Recall Class: Class I
Date Recall Initiated: April 1, 2013
Products: 14200-04-28 Secondary Blood Set; 14203-04-28 Blood Set; 14206-04-28 Y-Type Blood Set; 14207-04-28 Blood Set; 14210-04-28 Plum Blood Set; 14211-04-28 Plum Blood Set; 14212-04-28 Plum Y-Type Blood Set; 14217-04-28 Y-Type Blood Set and 14219-04-28 Y-Type Blood Set
These affected products were manufactured from July, 2011 through February, 2013 and distributed from July, 2011 through February, 2013.
Use: The Hospira blood sets are used for administration of blood and blood products.
275 N. Field Dr.
Lake Forest, IL 60045
FEI No. 3005579246
Hospira Costa Rica Ltda.
La Aurora De Heredia,
1 Km Noreste DPlaza
Global Park De Entrada 300,
Mt Oeste Heredia, CR
FEI No. 3002999813
Reason for Recall: It was discovered that there was a potential for the piercing pin on certain ISO-compliant Hospira blood sets to puncture the outer wall of the non-ISO-compliant blood bags during insertion of the pin into the blood bag. This can lead to the leakage of blood and health care provider exposure to blood products. A delay of therapy may also occur and in some cases result in serious adverse health consequences or death.
Public Contact: For questions about this action, contact Hospira Medical Communications at 1-800-615-0187 (24 hours a day/ 7 days a week) or email: firstname.lastname@example.org. To report a complaint, contact Hospira Global Complaints at 1-800-441-4100 (8:00 am – 5:00 pm CT, Monday through Friday) or email: ProductComplaints@hospira.com
FDA District: Chicago District Office
Health Care Professionals: At this time, there is no need for customers to discontinue use of or return Hospira blood sets. Hospira recommends users exercise extreme caution when piercing blood bags with a Hospira blood set mentioned above. Make sure that all instructions for use included with the blood bag and your facility's protocol for spiking blood bags are completely followed, to minimize the possibility of puncturing the outer wall of the blood bag.

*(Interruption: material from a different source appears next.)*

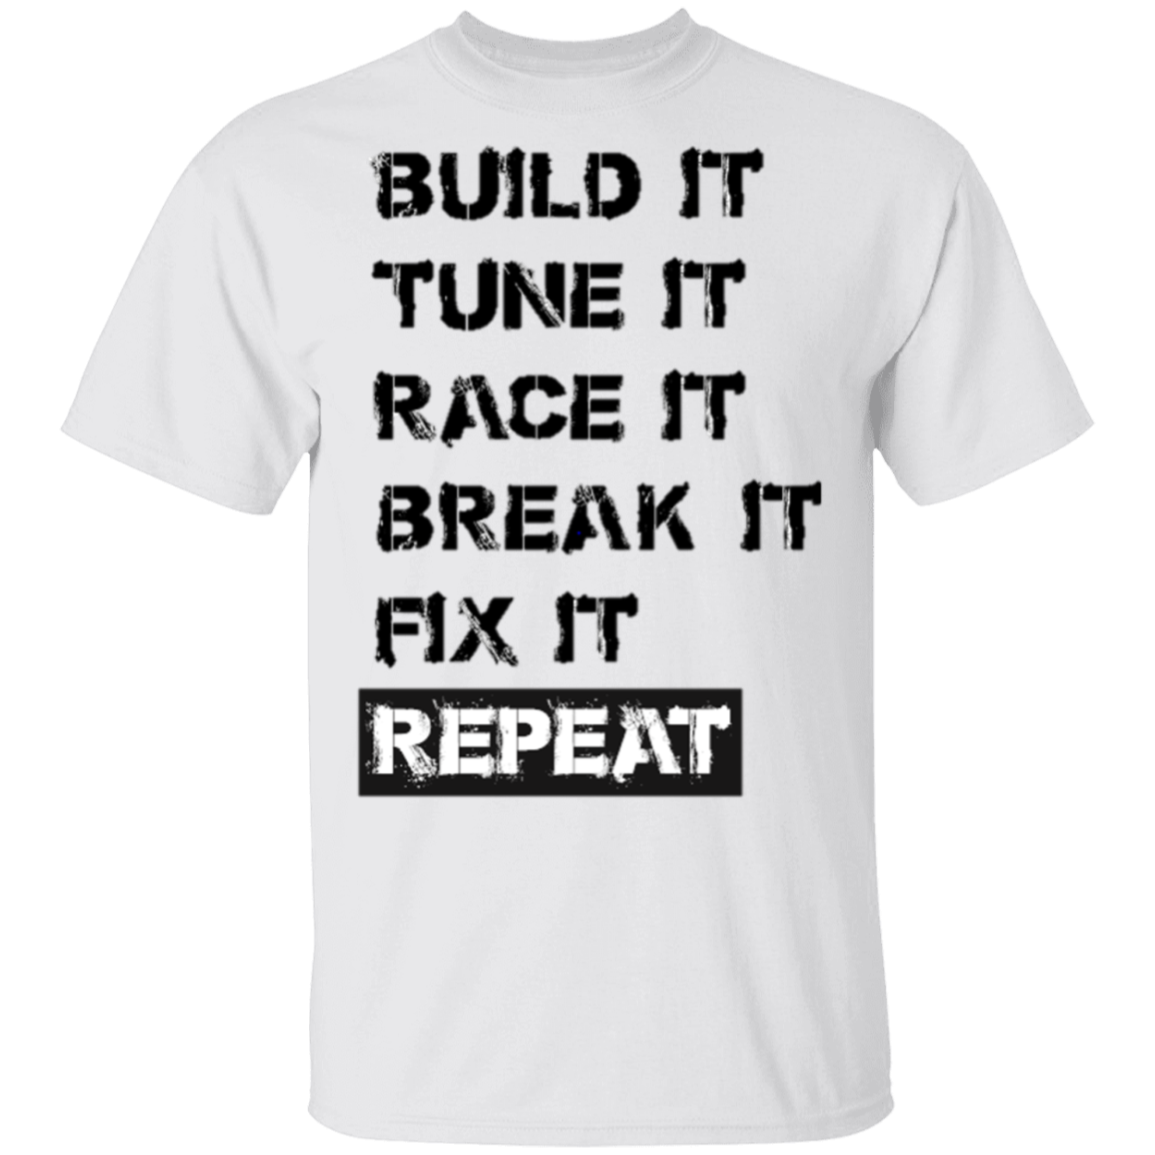 RACE BREAK REPEAT

Hospira has begun distribution of sets with a blunter, shorter piercing pin than the sets in the Impacted List Numbers. These sets became available in March, 2013. Customers should contact Hospira or their local representative for information about these sets.
On April 1, 2013, Hospira contracted with Stericycle, Inc. to mail the Firm’s Safety Information letter to affected customers via UPS. On April 2, 2013, the letter was also sent via email to Emergency Care Research Institute, Noblis (RASMAS), Institute for Safe Medication Practices, National Recall Alert Center, the Army, and the Veterans Administration. On Aug 13, 2013, Hospira posted an updated Safety Information letter on its website. For a copy of the firm’s letter, call Stericycle at 1-866-608-3936 between the hours of 8 a.m. to 5 p.m. ET, Monday through Friday.
Health care professionals and consumers may report adverse reactions or quality problems they experienced using these products to MedWatch: The FDA Safety Information and Adverse Event Reporting Program either online, by regular mail, or by FAX.